C++ getters/setters coding style

Question

I have been programming in C# for a while and now I want to brush up on my C++ skills.

Having the class:

class Foo
{
    const std::string& name_;
    ...
};

What would be the best approach (I only want to allow read access to the name_ field):

• use a getter method: inline const std::string& name() const { return name_; }
• make the field public since it's a constant

Thanks.

Answer 1

Using a getter method is a better design choice for a long-lived class as it allows you to replace the getter method with something more complicated in the future. Although this seems less likely to be needed for a const value, the cost is low and the possible benefits are large.

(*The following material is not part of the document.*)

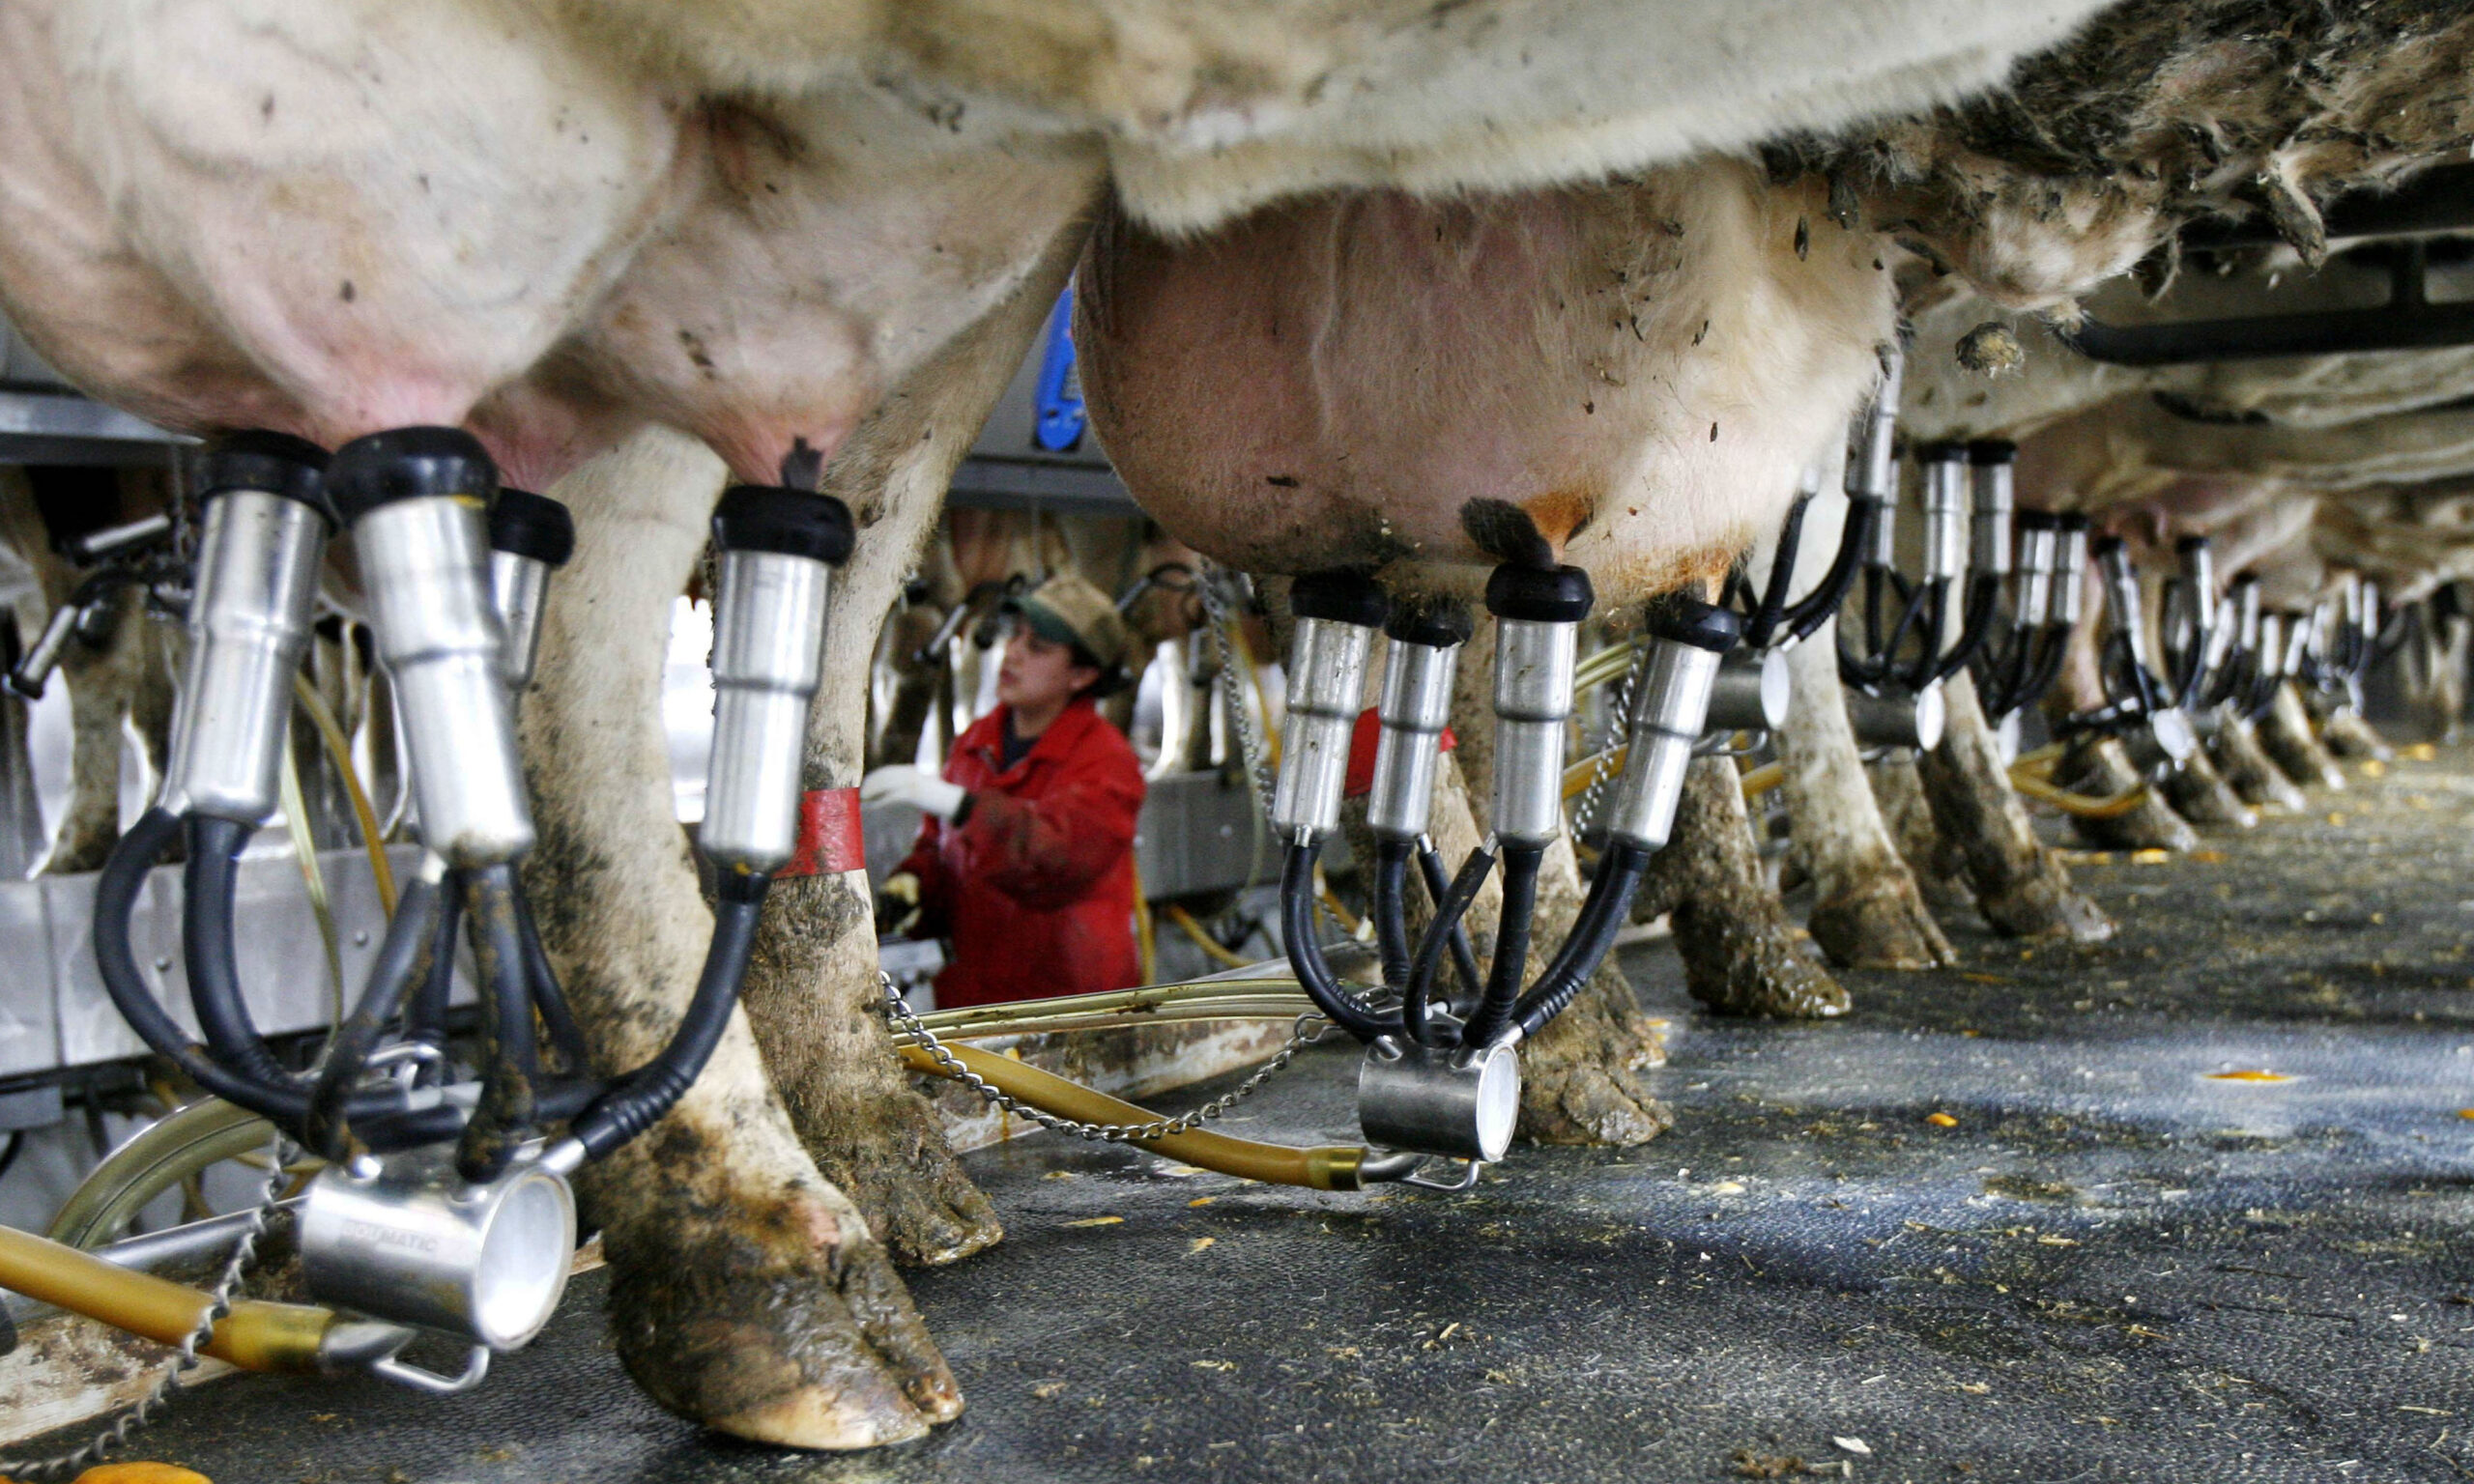 ‘More than just a job’: Wisconsin dairy industry focused on workforce amid state’s labor shortage

As an aside, in C++, it's an especially good idea to give both the getter and setter for a member the same name, since in the future you can then actually change the the pair of methods:

class Foo {
public:
    std::string const& name() const;          // Getter
    void name(std::string const& newName);    // Setter
    ...
};

Into a single, public member variable that defines an operator()() for each:

// This class encapsulates a fancier type of name
class fancy_name {
public:
    // Getter
    std::string const& operator()() const {
        return _compute_fancy_name();    // Does some internal work
    }

    // Setter
    void operator()(std::string const& newName) {
        _set_fancy_name(newName);        // Does some internal work
    }
    ...
};

class Foo {
public:
    fancy_name name;
    ...
};

The client code will need to be recompiled of course, but no syntax changes are required! Obviously, this transformation works just as well for const values, in which only a getter is needed.

Answer 2

It tends to be a bad idea to make non-const fields public because it then becomes hard to force error checking constraints and/or add side-effects to value changes in the future.

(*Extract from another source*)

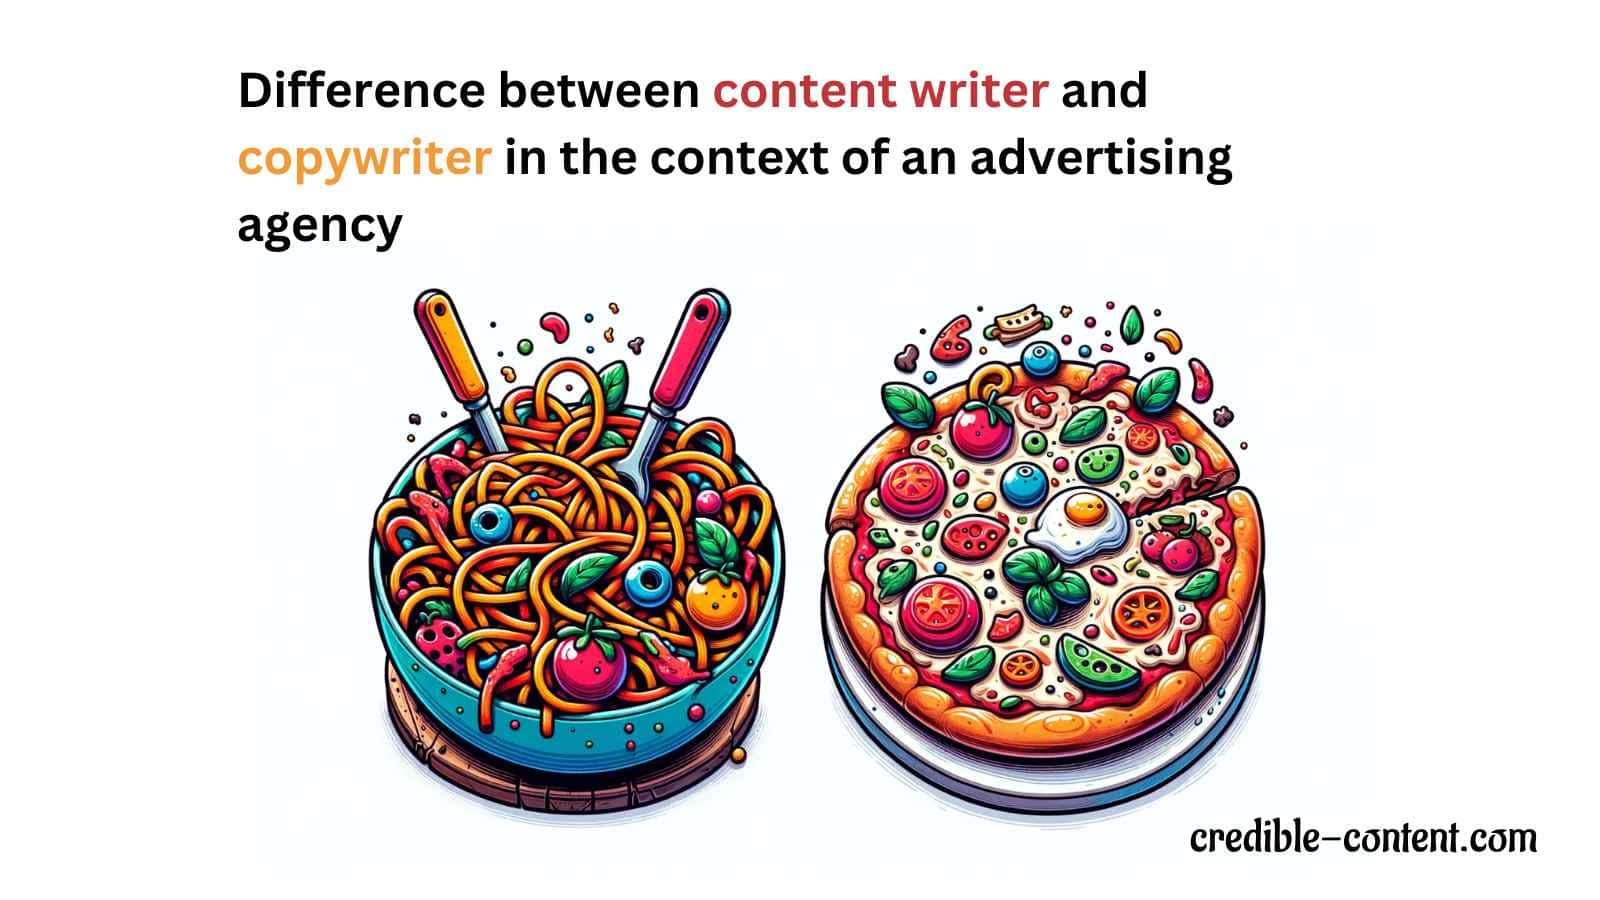 Difference between content writer and copywriter in the context of an advertising agency

In your case, you have a const field, so the above issues are not a problem. The main downside of making it a public field is that you're locking down the underlying implementation. For example, if in the future you wanted to change the internal representation to a C-string or a Unicode string, or something else, then you'd break all the client code. With a getter, you could convert to the legacy representation for existing clients while providing the newer functionality to new users via a new getter.

I'd still suggest having a getter method like the one you have placed above. This will maximize your future flexibility.

Answer 3

As an aside, in C++, it is somewhat odd to have a const reference member. You have to assign it in the constructor list. Who owns the actually memory of that object and what is it's lifetime?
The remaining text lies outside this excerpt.